Another direction is to extend FARM into a more general region memory module applicable to tasks such as lesion synthesis, local inpainting, and text-controllable editing.

A further direction is to combine the analytical aggregation idea of AIAS with stronger consistency or rectified flow frameworks to further reduce the number of required steps.
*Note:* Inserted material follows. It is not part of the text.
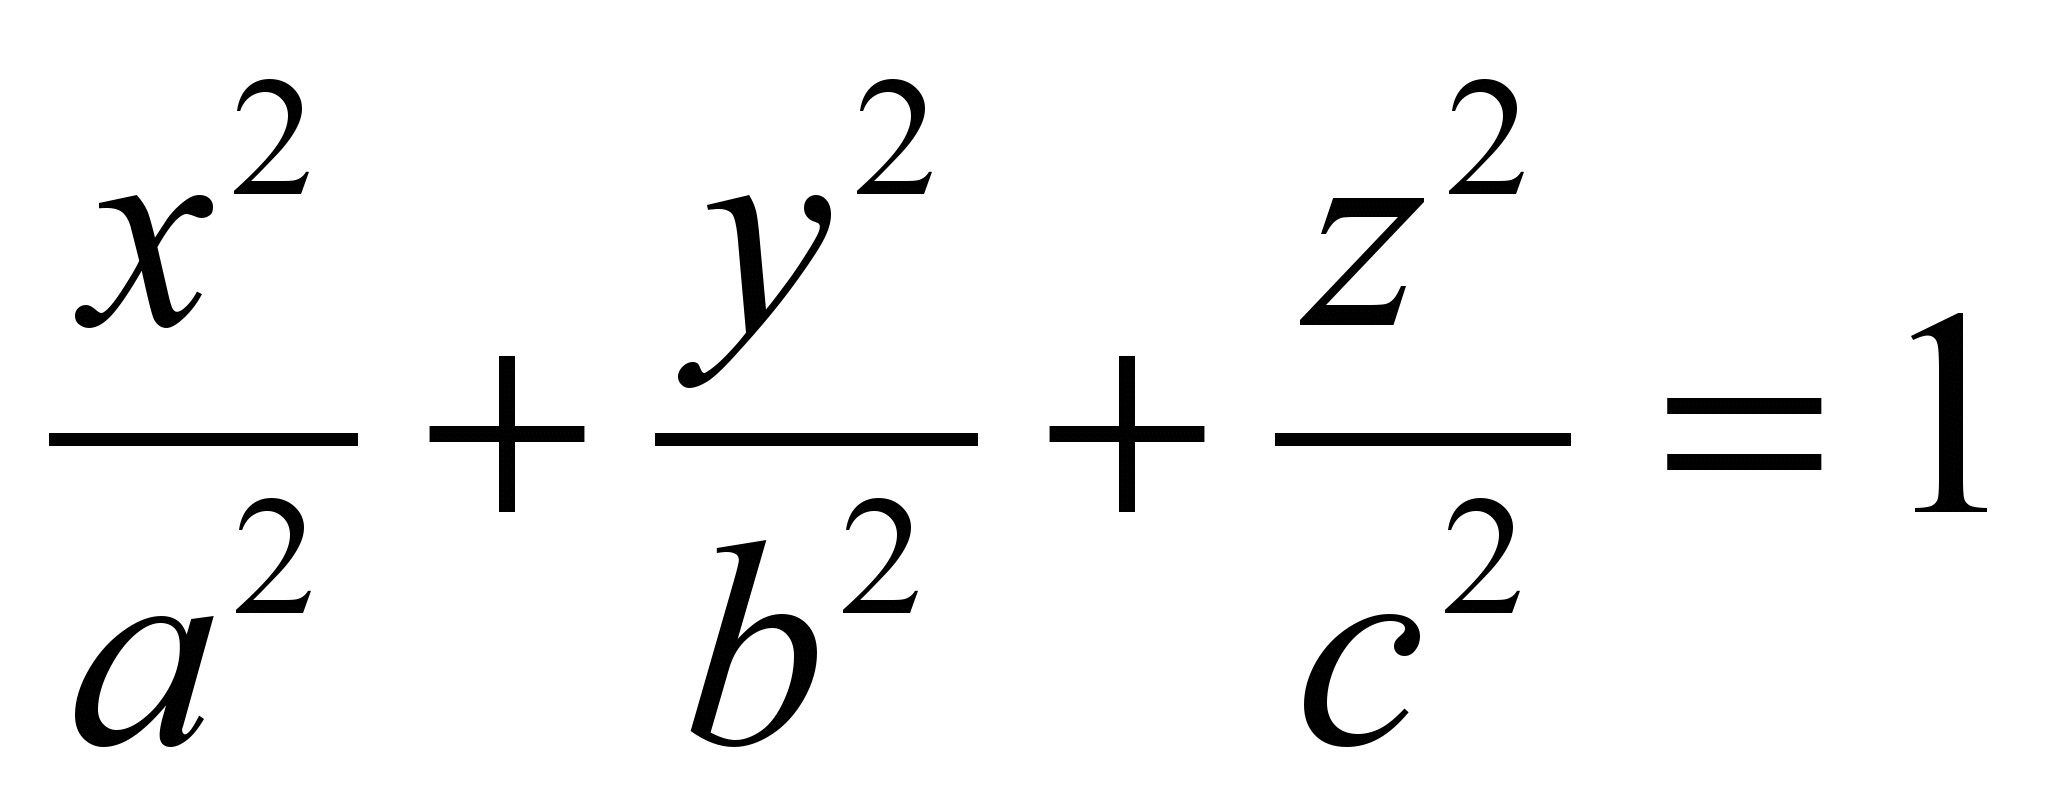 Y 2 2a 2a y2. Каноническое уравнение конуса. Уравнения поверхностей. Конус второго порядка. Уравнение конуса 2 порядка.

vs. CutPaste / DRAEM: These methods function more as "anomaly appearance perturbers" — capable of producing defects but not necessarily preserving structural boundaries; FAST is instead a "trajectory-aware local structure generator."
vs. AnomalyDiffusion: Both employ text-driven diffusion synthesis, but AnomalyDiffusion is oriented toward general diffusion generation, whereas FAST additionally incorporates foreground awareness and downstream segmentation objectives into the sampling process.
vs. BDG-type foreground–background decoupling works: FAST does not apply attention gating inside the denoiser but adds an explicit reconstruction branch outside it, making it more akin to a "plug-in structural enhancer."
Transferable insight: In medical image lesion synthesis, lesion regions can analogously be treated as anomaly-only foregrounds, and a FARM-like mechanism can be employed to maintain lesion boundary and textural consistency.

Rating¶

Novelty: ⭐⭐⭐⭐☆ — The combination of AIAS's analytical acceleration and FARM's persistent foreground reconstruction is natural and well-motivated, supported by both theoretical derivation and task-specific innovation.
Experimental Thoroughness: ⭐⭐⭐⭐☆ — Main results, per-category breakdowns, FARM ablations, and sampling step analyses are relatively comprehensive, though further validation in real industrial deployment scenarios would strengthen the work.
Writing Quality: ⭐⭐⭐⭐☆ — The methodological logic is clearly presented, and the paper effectively explains why faster sampling can paradoxically be more suitable for segmentation; some formula-heavy passages carry a higher reading burden.
Value: ⭐⭐⭐⭐⭐ — Highly practical for industrial anomaly segmentation; the paper genuinely operationalizes the principle that "synthetic data must serve downstream tasks" at the level of method design.